:: ABOUT THIS EXERCISE ::
The listing below must be repeated word for word, without its pictures.

:: INFORMATION PROVIDED ::

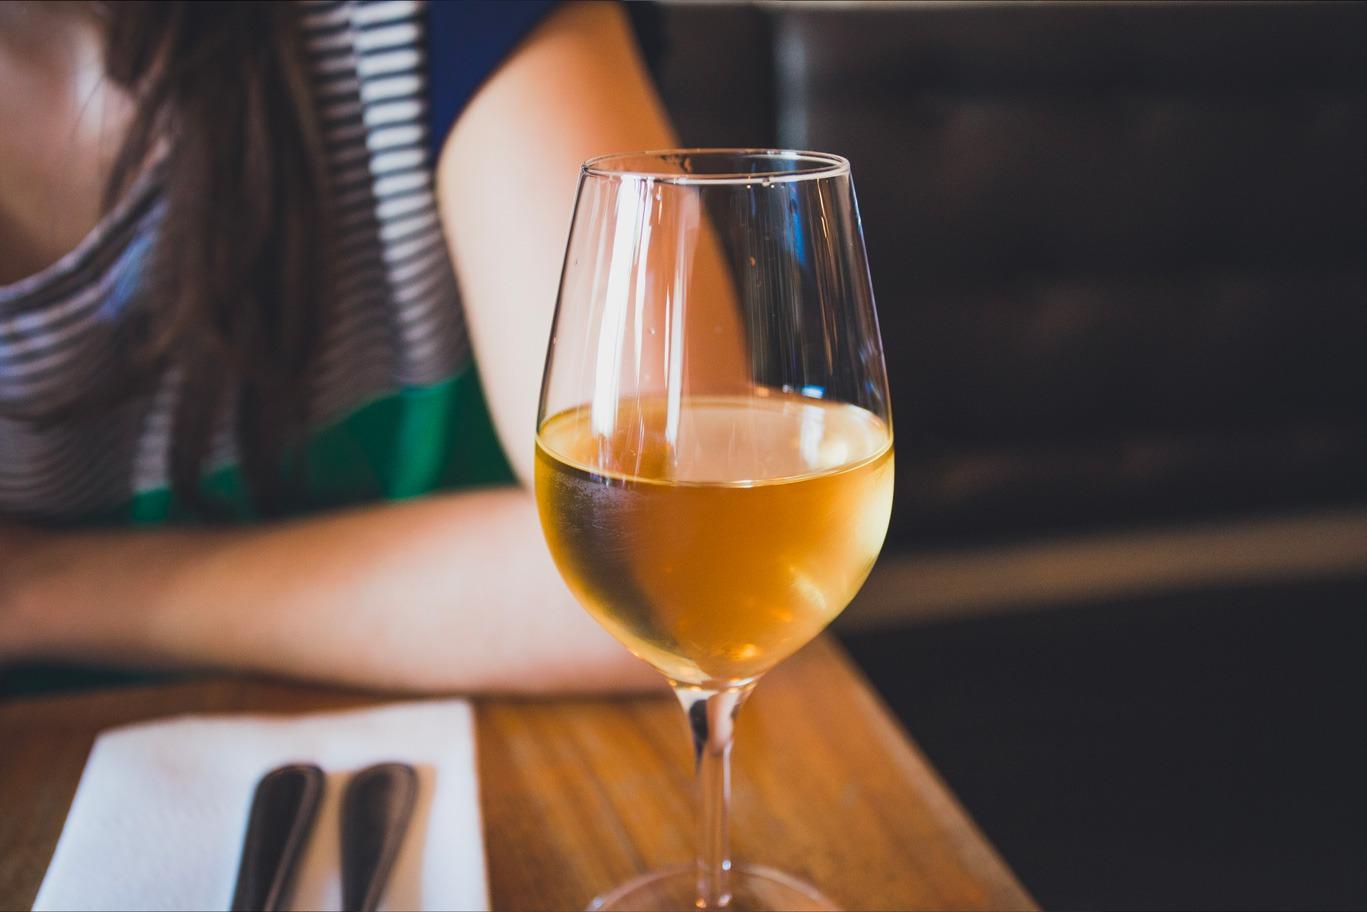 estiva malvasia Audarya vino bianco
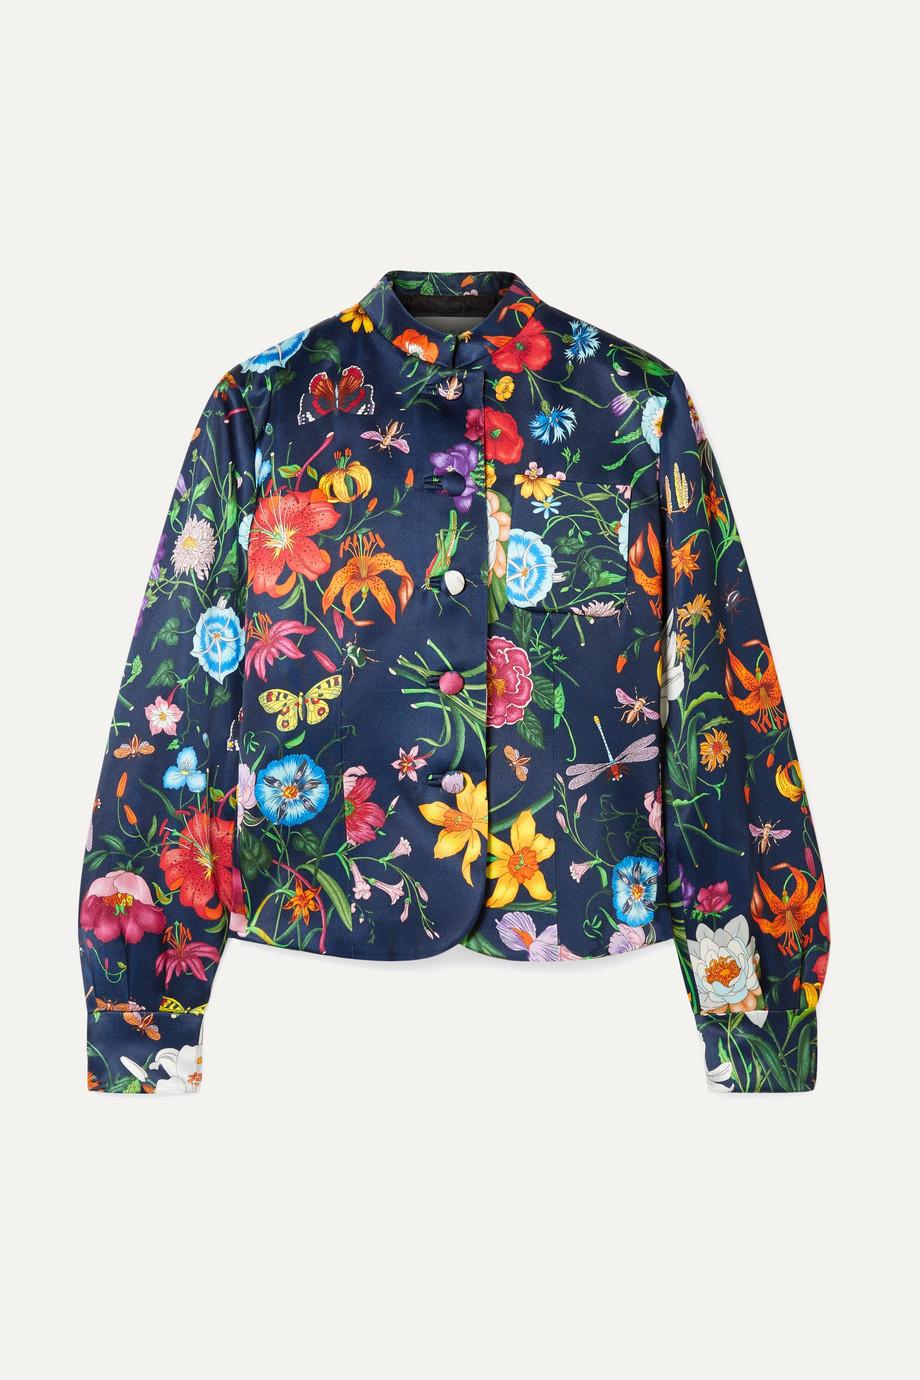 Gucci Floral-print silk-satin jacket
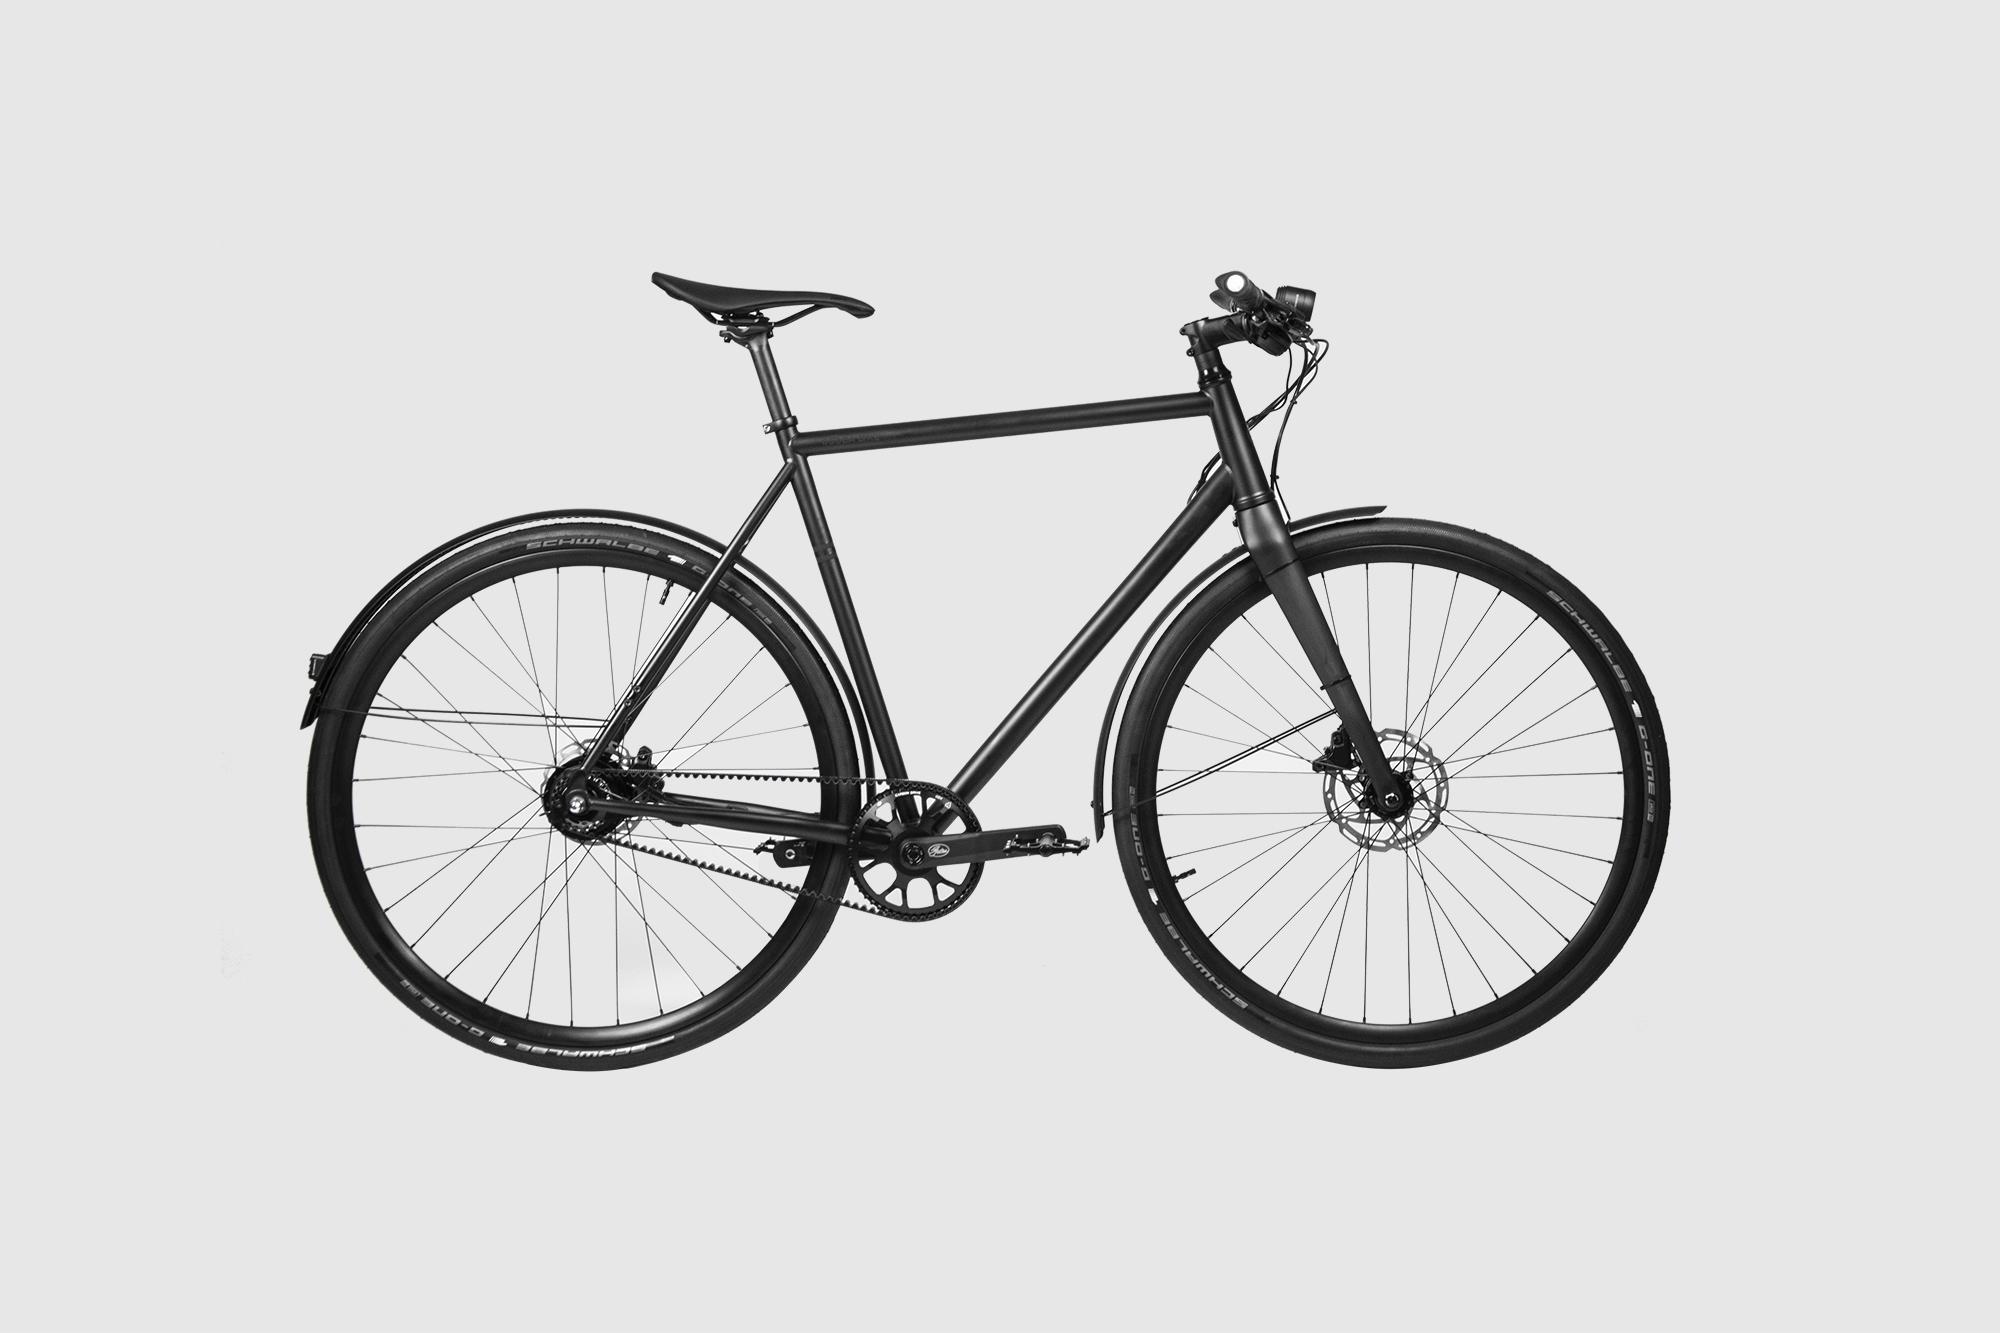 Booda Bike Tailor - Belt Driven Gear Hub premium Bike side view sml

:: EXERCISE RESULT ::
 estiva malvasia Audarya vino bianco
 Gucci Floral-print silk-satin jacket
 Booda Bike Tailor - Belt Driven Gear Hub premium Bike side view sml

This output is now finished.